City of Manhattan v. United Power & Light Corp.

283 P. 919, 129 Kan. 592, 1930 Kan. LEXIS 42
CourtSupreme Court of Kansas
DecidedJanuary 11, 1930
DocketNo. 29,266
StatusPublished
Cited by2 cases

This text of 283 P. 919 (City of Manhattan v. United Power & Light Corp.) is published on Counsel Stack Legal Research, covering Supreme Court of Kansas primary law. Counsel Stack provides free access to over 12 million legal documents including statutes, case law, regulations, and constitutions.

Bluebook
City of Manhattan v. United Power & Light Corp., 283 P. 919, 129 Kan. 592, 1930 Kan. LEXIS 42 (kan 1930).

Opinion

The opinion of the court was delivered by

Hutchison, J.:

This is an original proceeding in quo warrantounder the declaratory judgment act brought by the city of Manhattan against the United Power and Light Corporation, which involves the validity of a city ordinance passed by the plaintiff city providing for the grant of an electric franchise to the defendant company. The defendant is now operating under the ordinance in question, which the city claims is invalid, null and void. The issues are completely framed by the pleadings, which contain the necessary facts for the determination of those issues, and plainly show the existence of an actual controversy properly determinable under the declaratory judgment act.

The plaintiff is a city of the second class operating under the-[593]*593commission form of government. The defendant is a company engaged in furnishing electrical current for light and power purposes, as its name indicates. It has for some years been furnishing the plaintiff and its inhabitants with electricity under the assignment of a franchise granted many years ago, which expired a few months before the ordinance in question was passed, and is continuing to do so upon the strength of the ordinance passed under the provisions of chapter 104 of the Laws of 1927, by a vote of a majority of the commissioners in July, 1929.

The plaintiff claims that the ordinance is void because it violates the express provisions of R. S. 14-1701 requiring its approval by a majority of the voters of the city, and also because any ordinance initiated by petition and passed by the city commissioners in accordance with the provisions of chapter 104 of the Laws of 1927 is subject to the restrictions of R. S. 14-1802, whereby upon a proper petition within ten days the ordinance is suspended from going into operation until submitted to a vote of the electors of the city.

This ordinance was initiated by a petition of at least 40 per cent of the electors of the city and passed by the city commissioners the same day the petition was presented.
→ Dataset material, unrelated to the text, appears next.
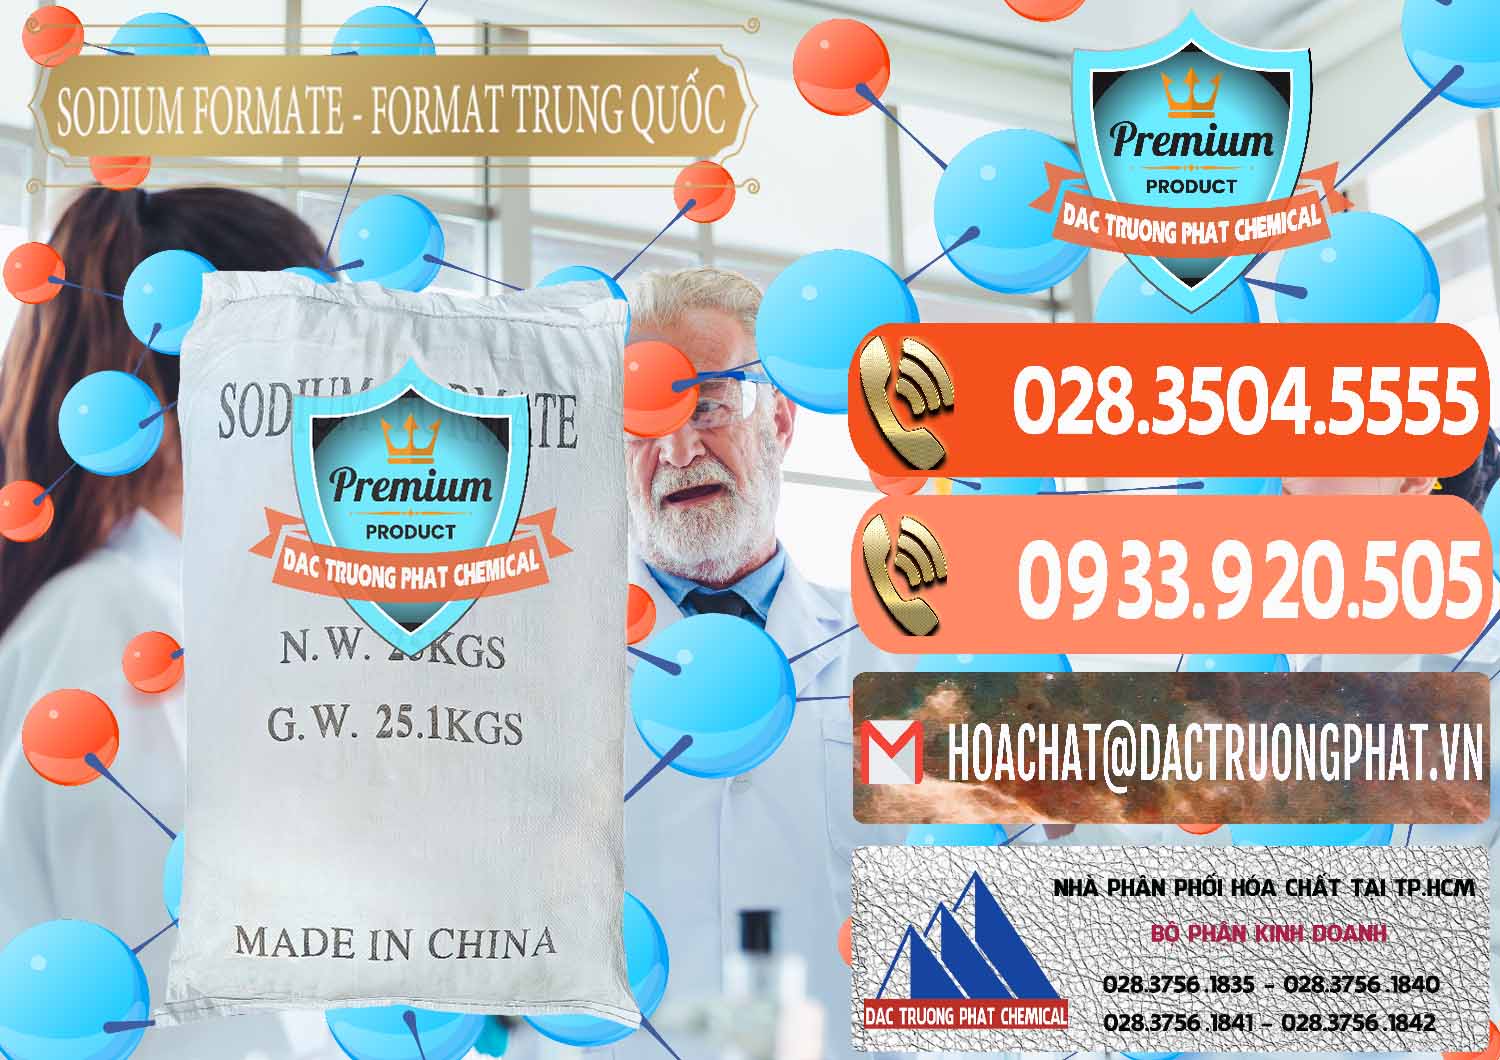 Cty chuyên cung cấp ( bán ) Sodium Formate - Natri Format Trung Quốc China - 0142 - Phân phối ( cung cấp ) hóa chất tại TP.HCM - hoachatmientay.com

Seven days thereafter a petition signed by more than 25 per cent of the voters of the city was presented protesting against the passage of the ordinance and requesting that it be submitted to the voters of the city for approval or rejection under the provision of R. S. 14-1802. The commissioners granted the request and called a special election for September 3, 1929, at which time the ordinance was defeated by a vote of 1,333 to 967. There is no question here as to canvass of the vote or the requisite number of legal signers to either of the petitions.

The only questions involved are: (1) Is the franchise ordinance void because it is in violation of the provisions of R. S. 14-1701? and (2) Is an ordinance initiated by petition and passed by the commissioners under R. S. 14-1801 restricted by the provisions of R. S. 14-1802?

Defendant contends that chapter 104 of the Laws of 1927 is complete in itself and provides for the initiation of an ordinance by a petition signed by at least 40 per cent of the voters, which is only 10 per cent short of a majority of the electors, and when presented can be either passed by the commissioners or submitted to the voters at a general or special election, and is just as binding when passed by the commissioners as it would be if carried at an [594]*594election. It is further urged that chapter 104 is a later enactment than R. S. 14-1701 and impliedly dispenses with the requirements of the older statute when it provides, as it does, for the passage of “any proposed ordinance” either of the two ways when initiated by such a petition. Defendant calls our attention to the case of Duggan v. Emporia, 84 Kan. 429, 114 Pac. 235, and the reference in the opinion to the two- methods of passing ordinances as provided in the act, of which chapter 104 is an amendment. That was an action to enjoin the calling and holding of an election under this section. The record in that case shows there was no attempt whatever by the city commissioners to pass the ordinance, but they took the other alternative under the statute and called an election, so that decision cannot be regarded as authority for the commissioners to pass a franchise ordinance without a vote of the people. Another case cited for the same purpose is State, ex rel., v. Electric Power Co., 116 Kan. 70, 226 Pac. 254, where a franchise ordinance was upheld that was passed by the city' commissioners under another franchise statute, viz., R. S. 12-824, which provided:

“That such franchise shall not be granted until notice of the proposition to grant the same has been given for twenty days by publication-in some newspaper in general circulation in such city, and if within said twenty days 10 per cent of the legal electors petition such city authorities to’ submit the same to a vote of the electors of the city, such city authorities shall submit said franchise proposition to a vote of the people before such franchise be granted and be governed by result of such vote.”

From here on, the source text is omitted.